Show this video to a liberal and their head will spin and they will retort with cries of "Lies!" and "That's just propaganda!"   Or perhaps they really do get it and their protests are merely a cover for union-driven protectionism.  Unions first, consumers second.

Conservatives on the other hand are a tougher sell.  I'm not talking laissez faire libertarians here.  I'm talking more the "America first" conservatives.  The notion of the American economic engine being hampered by international competition is a daunting perception to overcome.  But in reality, competition is not the problem.  The problem is over-regulation.  The economic landscape in the United States is one dotted with legislation, regulation tax complexity etc., and as a result a host of unintended consequences and skewed realities.

Consider this - would you rather get on a space shuttle built in Vietnam or the United States? How about an airplane built in Brazil (which aren't necessarily bad by the way) or by Boeing in America?  Need a battleship? Are you going to ask the US Navy or the navy of Ethiopia? There are inherent advantages to the American worker and production systems.

As you go down the list in terms of product complexity you get into circumstances where the choices aren't so obvious. Cars for example - German, Japanese, American and even Korean and Swedish and others are viable. But that's where the distortions (not only from America but from other countries as well) kick in.  Union rules, minimum wage laws, companies not being allowed to set up factories in states that they want, as well as government subsidies.

When you get all the way down the list to textiles and the garment industry, we are not talking about high tech jobs.  Why not let them be made in countries with cheap labor to benefit consumers around the world.  It's called specialization and comparative advantage.
Ricardo also opposed the protectionist Corn Laws, which restricted imports of wheat. In arguing for free trade, Ricardo formulated the idea of comparative costs, today called comparative advantage—a very subtle idea that is the main basis for most economists’ belief in free trade today. The idea is this: a country that trades for products it can get at lower cost from another country is better off than if it had made the products at home.
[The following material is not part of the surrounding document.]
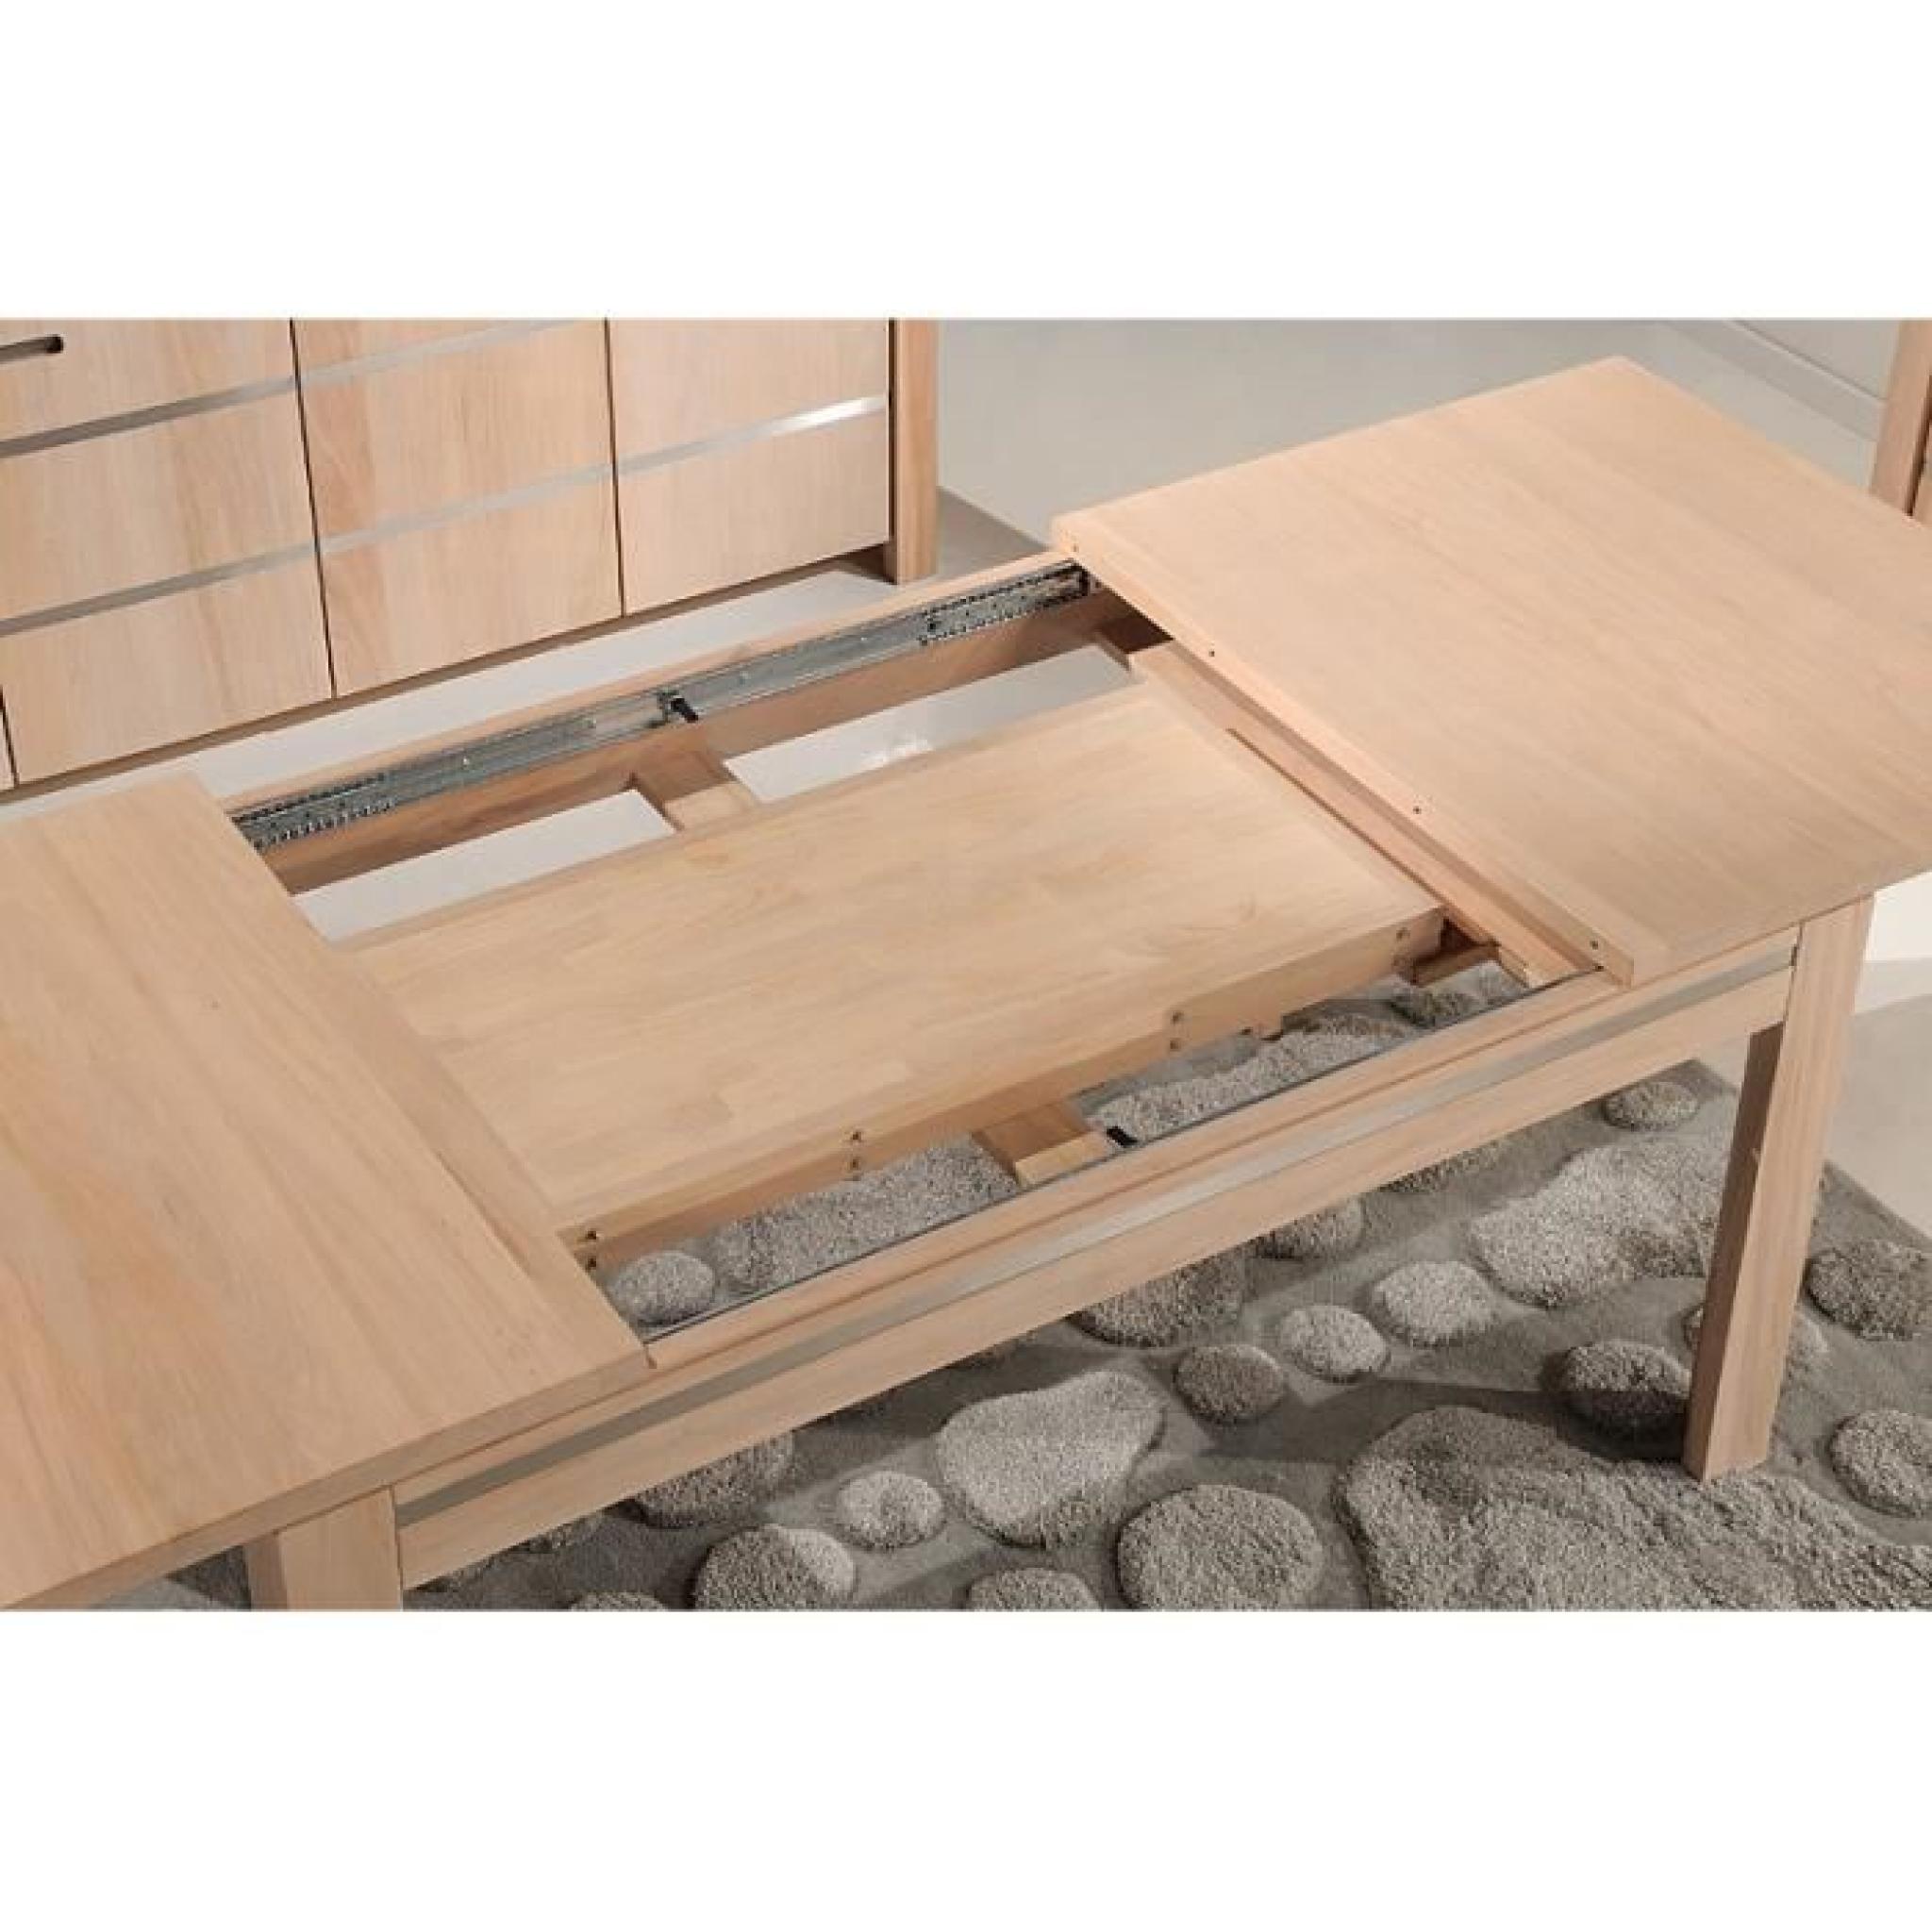 Table OPALE 180/95 ORME MASSIF-INOX (Orme - Naturel) pas cher

Say, for example, Poorland can produce one bottle of wine with five hours of labor and one loaf of bread with ten hours. Richland’s workers, on the other hand, are more productive. They produce a bottle of wine with three hours of labor and a loaf of bread with one hour. One might think at first that because Richland requires fewer labor hours to produce either good, it has nothing to gain from trade.

Think again. Poorland’s cost of producing wine, although higher than Richland’s in terms of hours of labor, is lower in terms of bread. For every bottle produced, Poorland gives up half of a loaf, while Richland has to give up three loaves to make a bottle of wine. Therefore, Poorland has a comparative advantage in producing wine. Similarly, for every loaf of bread it produces, Poorland gives up two bottles of wine, but Richland gives up only a third of a bottle. Therefore, Richland has a comparative advantage in producing bread.
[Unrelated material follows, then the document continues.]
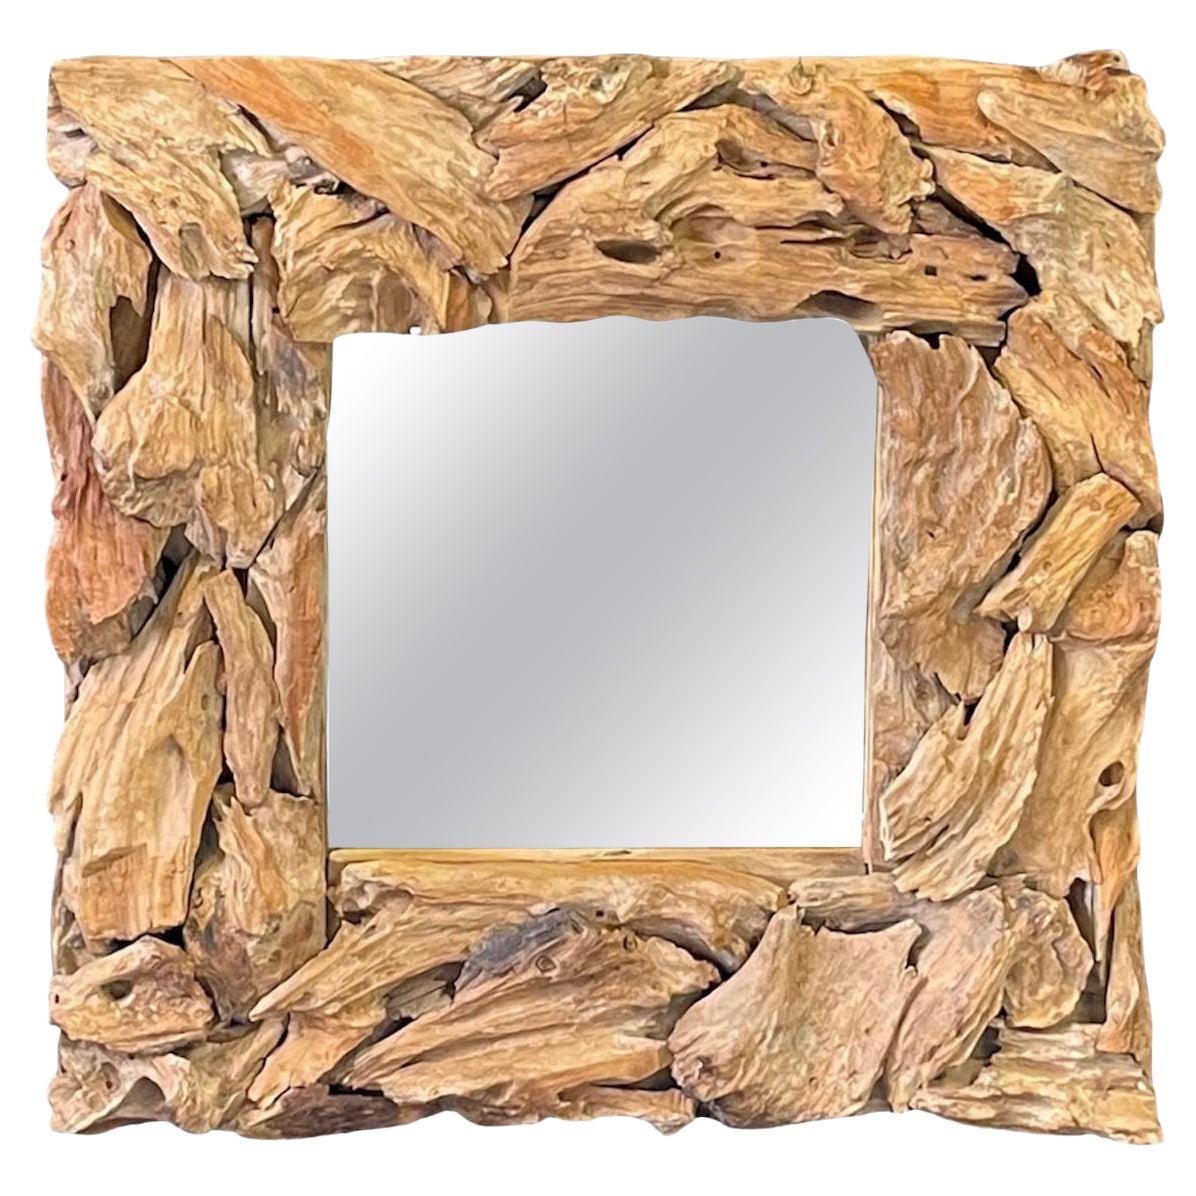 Handcrafted Driftwood Mirror Frame

If they exchange wine and bread one for one, Poorland can specialize in producing wine and trading some of it to Richland, and Richland can specialize in producing bread. Both Richland and Poorland will be better off than if they had not traded.
 The argument that the theory means that everything ends up getting produced in China is not reality.  They cannot produce everything, nor are they (or will they ever) be the best at producing everything.  They will never beat the Swiss at making Swiss Cheese for example. They will never make tanks for the U.S. military. The real question is whether they will make so much as to create a permanent trade imbalance.  Will all that flows to China be raw materials for production of goods there? No.

The United States has comparative advantage in a number of areas and could have even more without some of the burdensome intrusiveness of government over-regulation and excessive business taxation.  The challenge for the United States going forward is to both push those comparative advantages further, and to discover and develop new areas of comparative advantage.  Luckily, that is something American ingenuity has always excelled at.

7 comments:

  1. Uh, there is a whole other level of political stuff going on out there that you don't seem to be aware of.
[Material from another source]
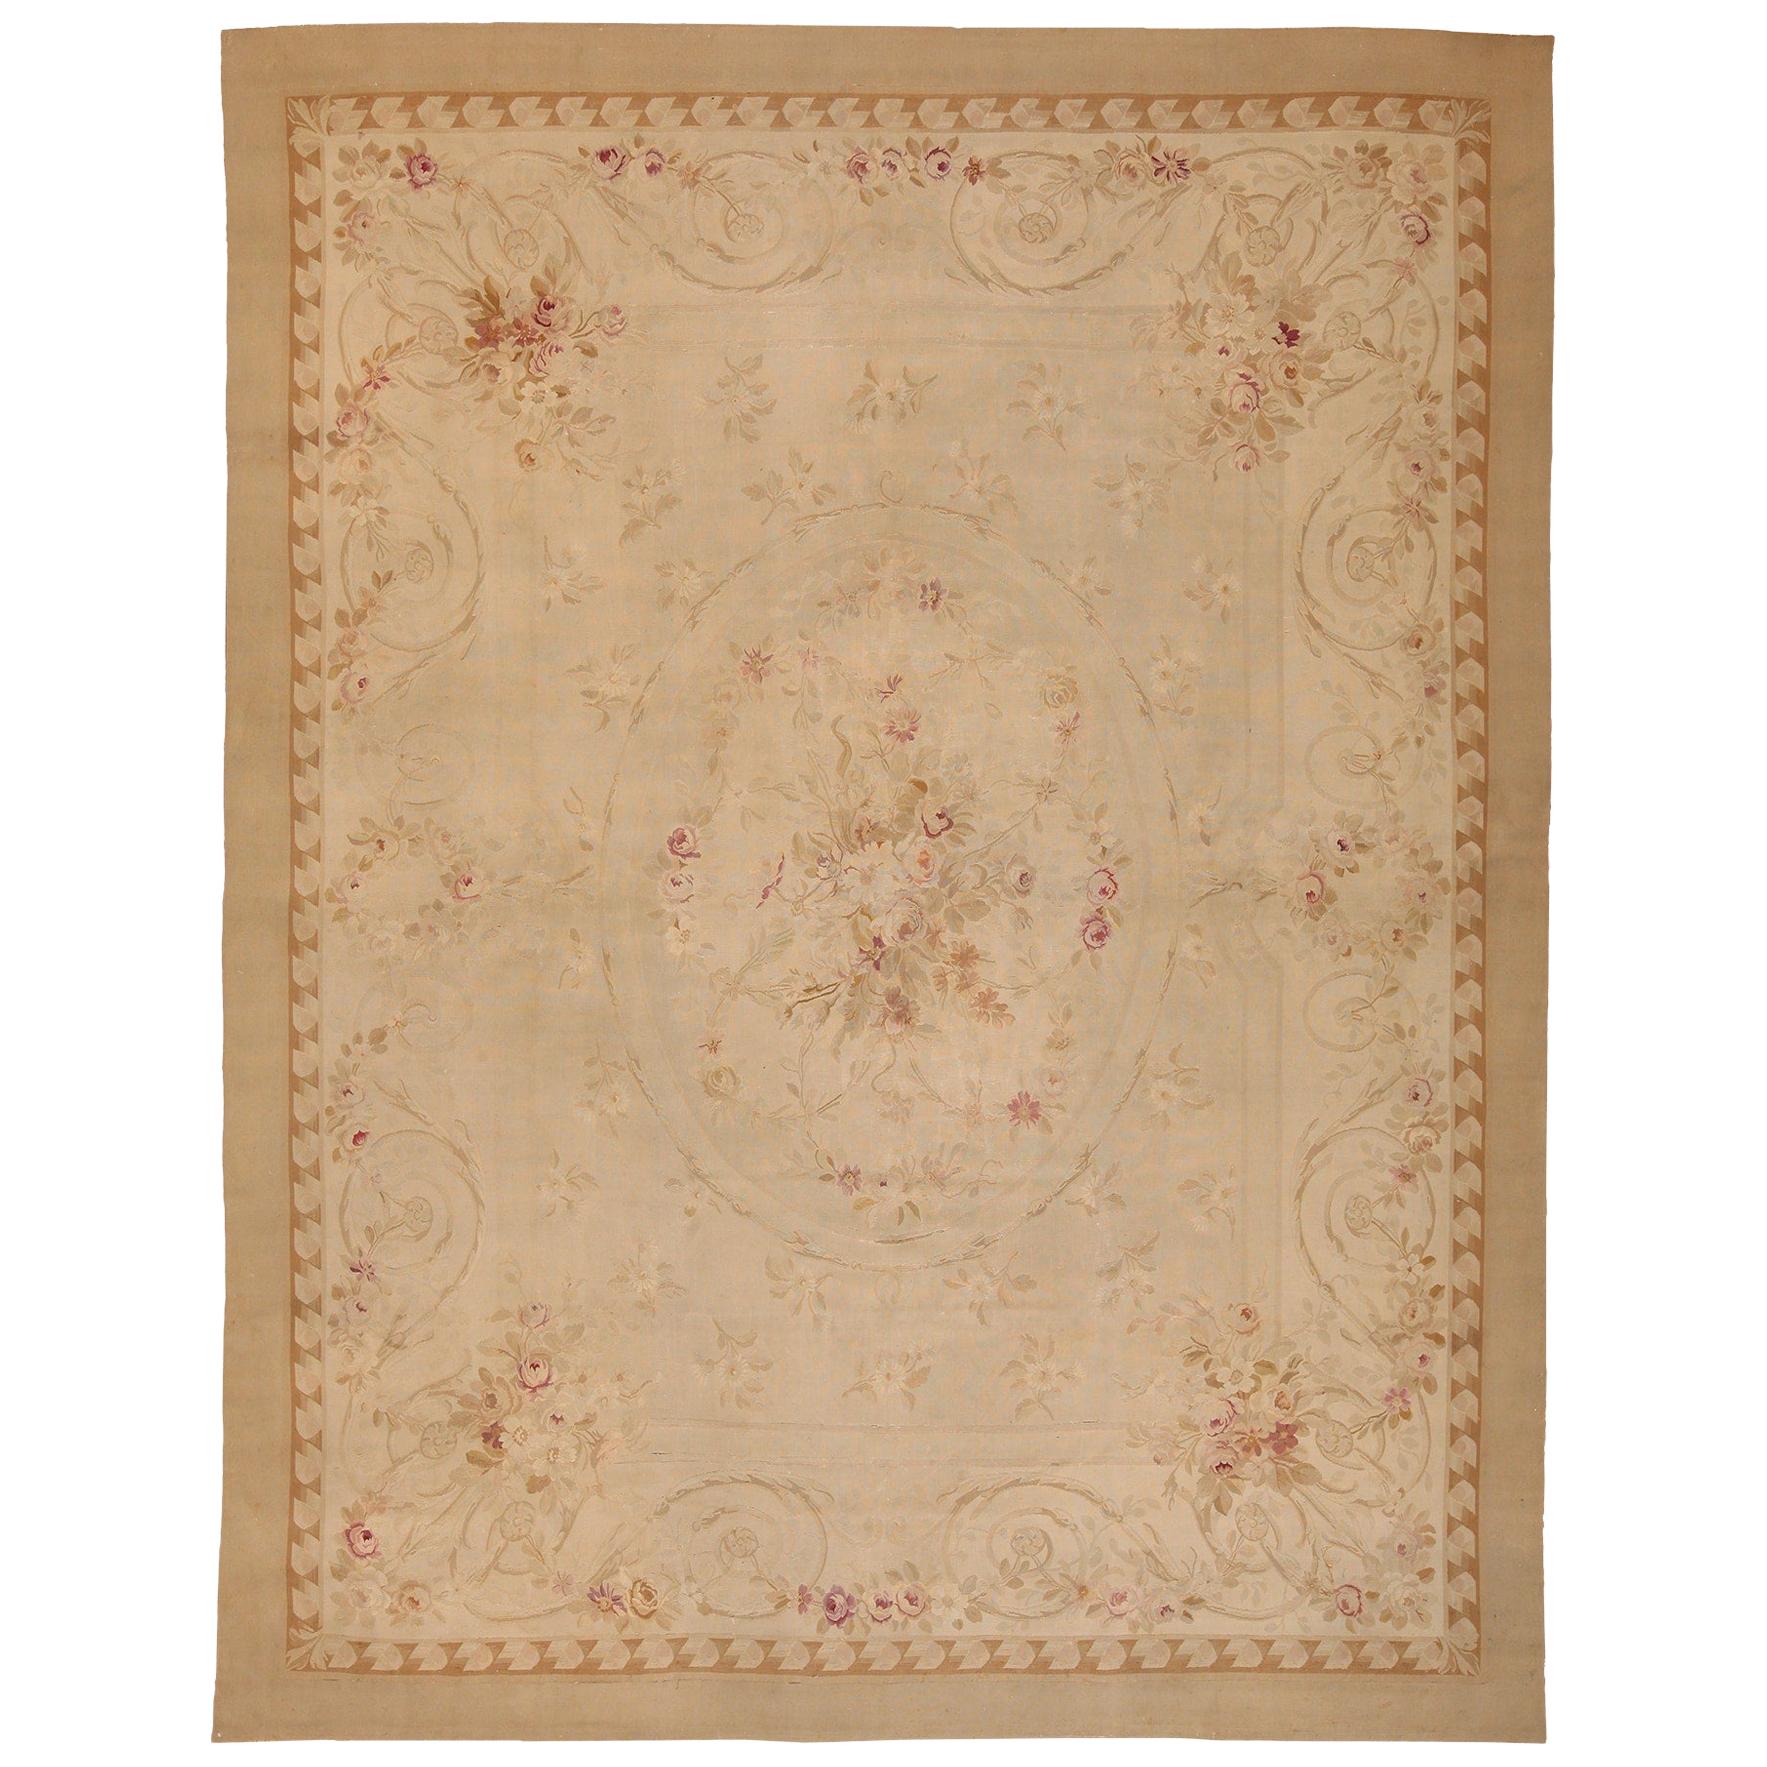 Antique Ivory French Aubusson Rug. Size: 10 ft x 13 ft 6 in

    Yes, free trade ala Bastiat is a good thing, but the regulations are being written to guide it in a certain way. These regulations are not voting in with representative government, but are handed down from on high by paid experts. I think you addressed the problem of over-regulation.

    I'm hear to tell you that regulations come from a cartel syndicate of the organized money on this planet who happens to be down with fascism/communism/collectivism and intend to totally pwn us all. That's the ballgame. If you want to know the details, check out one of my Wall Street series. Or check out the writings of Bertrand Russell or the Huxley boys. They lay out the fact that they want to own the human race and cull a vast portion of it. Someone paid a lot of money to have that fact etched in stone at the Georgia Guidestones in Elbertson, GA. These are just entry points I'm throwing out to those who are not aware that this is really happening!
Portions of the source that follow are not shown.